The Sage Award is given to the best multimedia submission presenting clinical, research, or educational material in a digital format. The Award named after Fred P. Sage, MD, past president (1981) and Chairman of the A/V Committee of the AACPDM. Dr. Sage envisioned the great potential of audio-visual use in the Academy. He advocated for ways to popularize this method of teaching, and this interest eventually lead to the Sage Audio-Visual Award for the best program submitted each year.
View the GMFCS Video from CanChild HERE.
The intent of the transformative practice grant is to facilitate the translation of evidence-based clinical management strategies into practice. Funding is available to support members to plan and implement specific intervention strategies that are supported by evidence. The award is based on the premise of ‘academic detailing’ whereby ‘experts’ who have been involved in the successful implementation of specific evidence-based management strategies within their facility support the host facility in the implementation of those strategies for changing clinical practice. Research suggests that academic detailing is an effective strategy for implementing changes in clinical practice.
This award is given to an Academy member within four years of completion of training.
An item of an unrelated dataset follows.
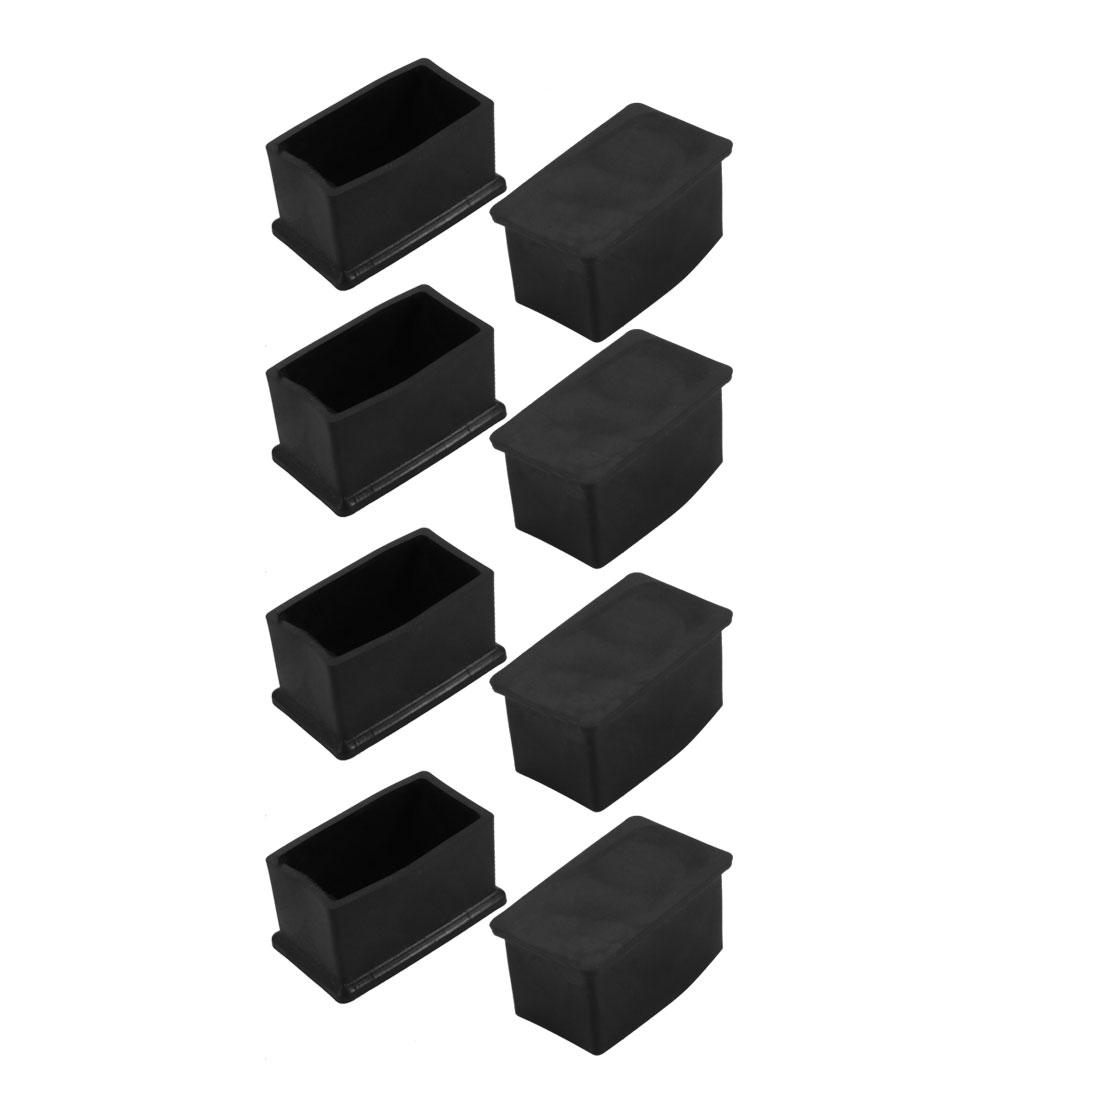 8pcs 23x48mm Black PVC Rubber Rectangle Cabinet Leg Insert Cover Protector

The winner is selected based on the Awards Committee rating of presented work and is announced shortly after the Annual Meeting. The award is supported by Mac Keith Press, publisher of the Academy's journal, Developmental Medicine and Child Neurology.
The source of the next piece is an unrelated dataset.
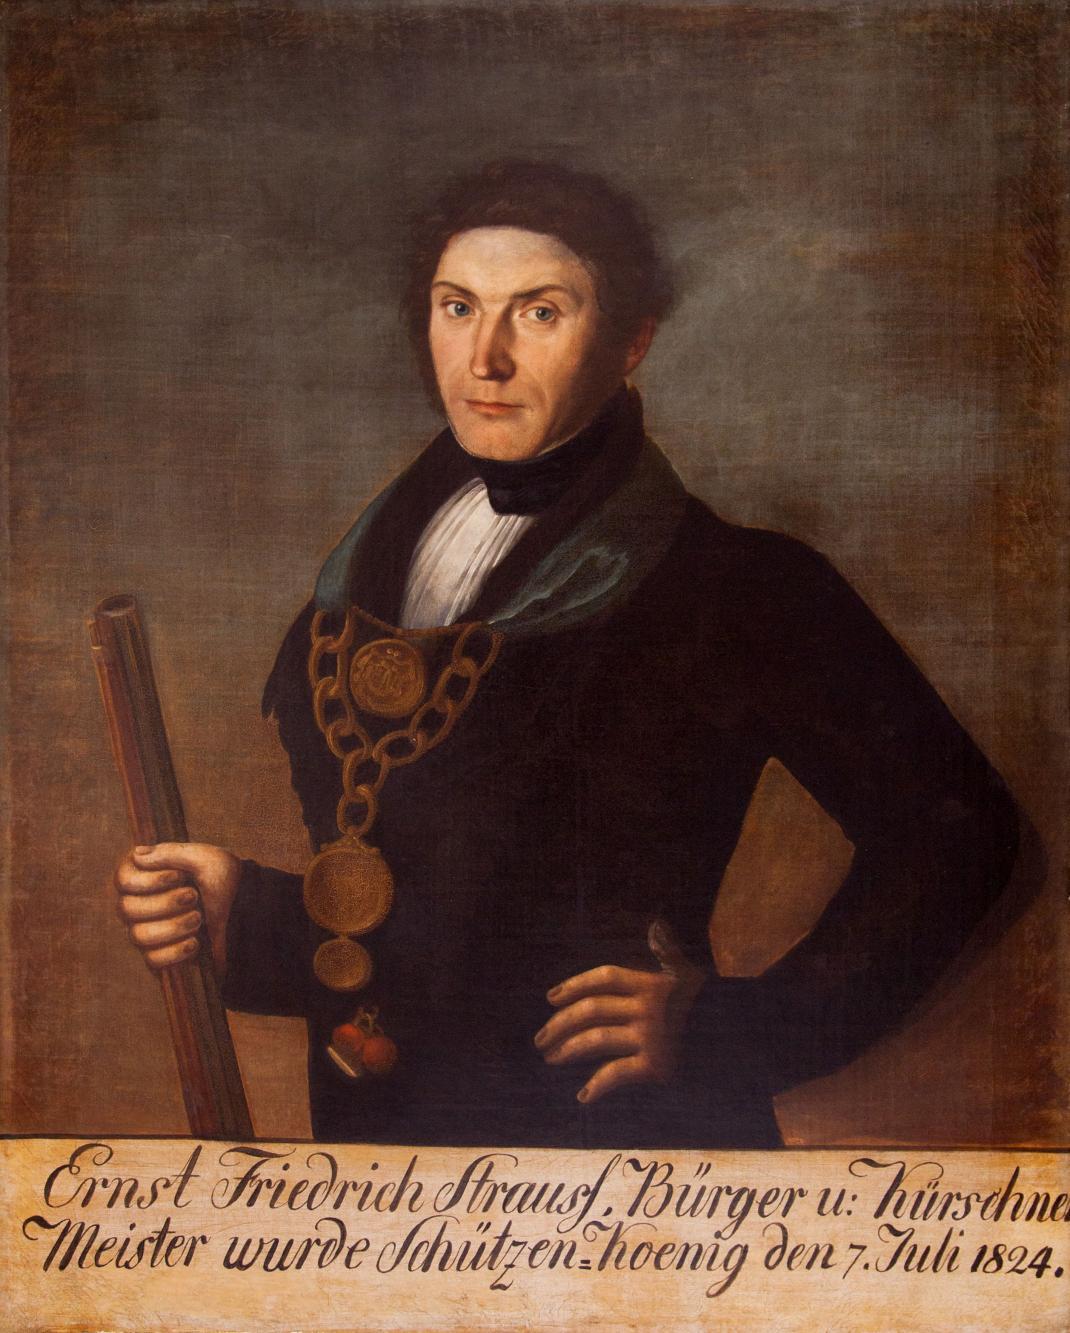 Portret króla kurkowego Ernsta Friedricha Straussa

The highest-scoring Scientific Poster abstracts are reviewed in their final poster form by the Awards Committee. The Scientific Poster that scores the highest in the Awards Committee review is announced at a Saturday plenary session during the Annual Meeting.
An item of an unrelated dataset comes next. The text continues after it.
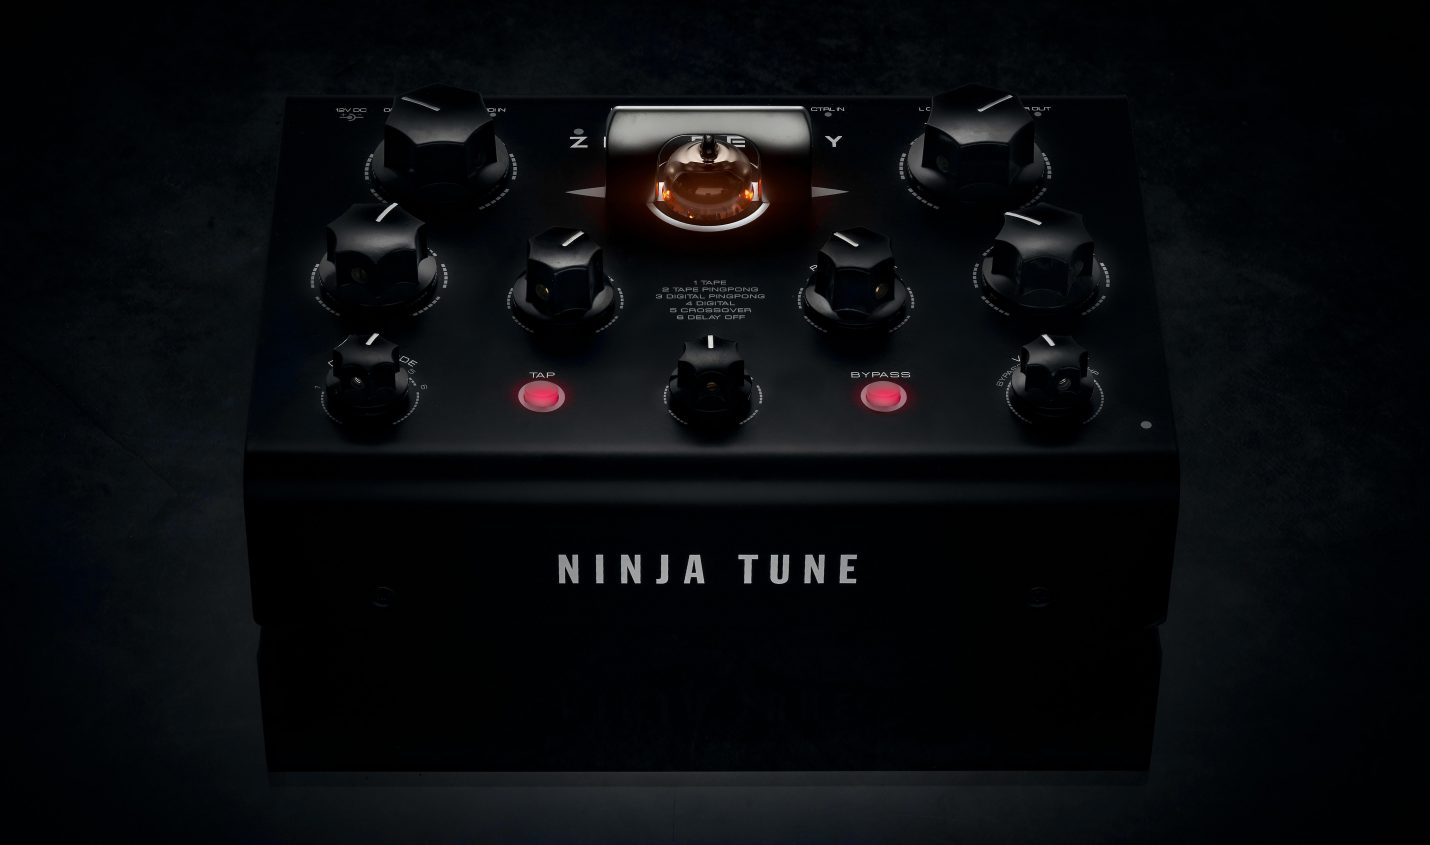 Neu: Ninja Tune + Erica Synths = Dub Delay

The Demonstration Poster receiving the most votes is announced at a Saturday plenary session during the Annual Meeting.
The Gayle G. Arnold Award is the most prestigious award of the Academy. This award is named in honor of Dr. Arnold, a self-taught developmental pediatrician and President of the Academy (1989-90). The award is presented annually to the authors of the best scientific paper.
The Mentorship Award recognizes an individual who is an active member of the AACPDM and has demonstrated outstanding leadership mentoring trainees and colleagues in the field of childhood-onset disabilities. Particular focus is placed on the contribution and impact of the mentoring to improve services/care, promote professional education and/or promote research for children with disabilities.
This award is presented to an individual who demonstrates outstanding participation in or promotion of sports and recreation and serves as a role model for people with disabilities. The award is named after Mr. Duncan Wyeth for his passion towards life and for encouraging people with disabilities of all ages to pursue interests and dreams based upon their abilities and not to be limited by their disability. Duncan is an active advocate in his local community as well as nationally and internationally. His enthusiasm for life, sports and recreation are contagious and inspirational to all.
This award is presented to a special presidential guest lecturer, specifically selected by the First Vice President. The recipient of this award, during their lifetime, has made creative contributions of outstanding significance to the field of medicine and for the benefit of patients with cerebral palsy and other childhood-onset disabilities.
Cathleen Lyle Murray had a severe form of cerebral palsy and her family established this award in her memory. The specific purpose of this award is to recognize outstanding individuals in non-medical professions on the basis of their impact on society through their humanitarian efforts to enhance the lives of persons with disabilities.
This award is given to persons representing excellence while pursuing their interests, their dreams and a high quality of life who also happen to live with a personal physical challenge.